ArgMin[onepw[[1, 1]], {b1, b2}]

produces a Piecewise answer with a LeafCount of 830699 (in about 15 minutes), and Simplify runs for hours (twenty-one before I terminated that computation) without returning a result. Presumably, minimizing the other nine expressions produces similarly enormous results. The reason for the enormous results returned by ArgMin is that the regions over which any of the ten expressions is valid are complex shapes in the five-dimensional space of parameters and solutions, and those shapes change with the values of the parameters. So, there are an enormous number of case to be considered.

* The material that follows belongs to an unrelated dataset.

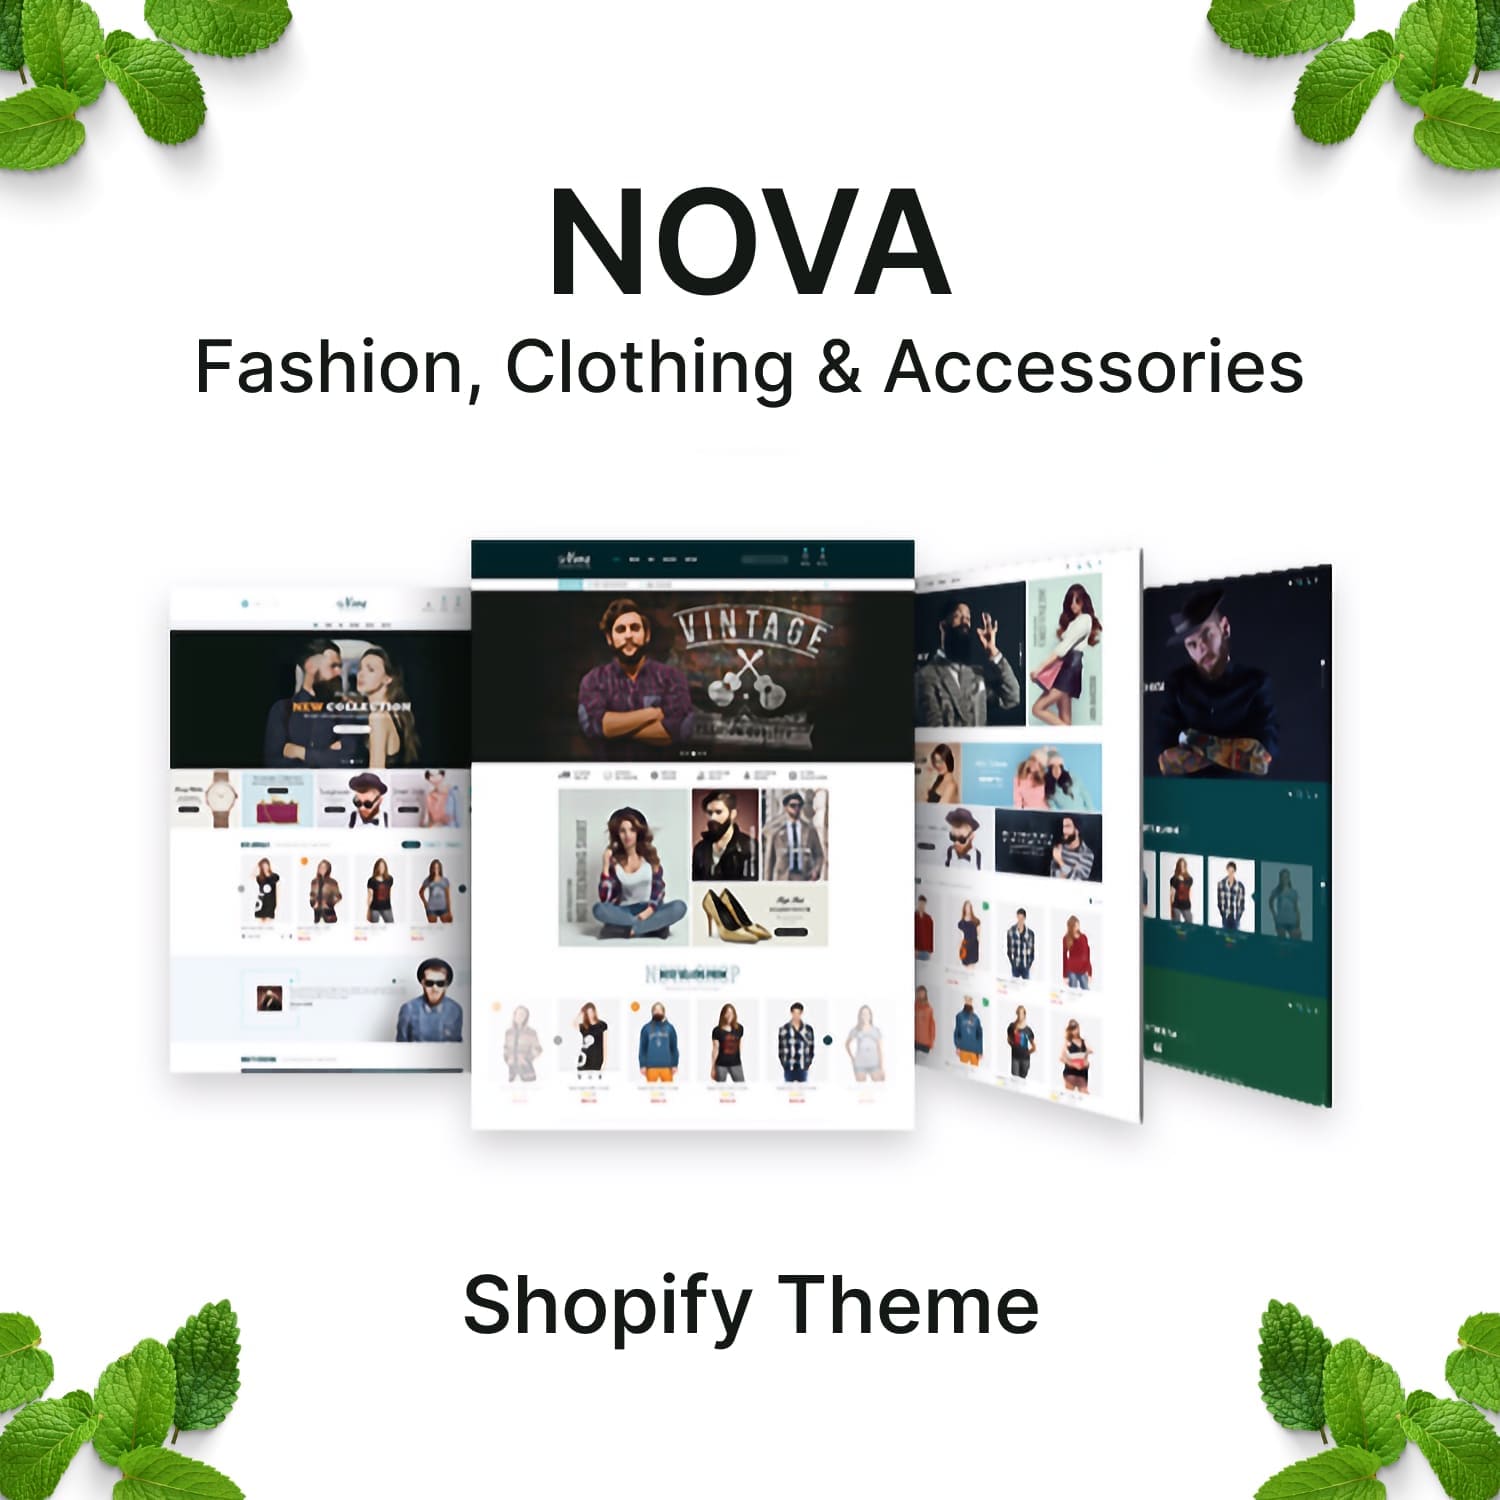 Nova fashion, clothing and accessories shopify theme.

A more practical approach is to define the function,

sol[x0t_, w1t_, w2t_, b21t_, b22t_] := 
    ArgMin[Simplify[c[b1, b2, f, uConstrained, v, p, u], 
        x0 == x0t && w1 == w1t && w2 == w2t && b21 == b21t && b22 == b22t], 
    {b1, b2}, Reals]

which usually can produce the answer for a given set of parameters in several seconds. For instance,

sol[5/2, E, Pi, -7, 1.11]
(* {-7., 3.14159} *)

or

sol[19, 70, -71, 86, 19]
(* {86, 19} *)

Interestingly,

Count[Table[param = RandomInteger[{-300, 300}, 5]; 
    param[[4 ;; 5]] == sol @@ param, 100], True]

suggests that {b1, b2} == {b21, b22} is the answer roughly 90% of the time.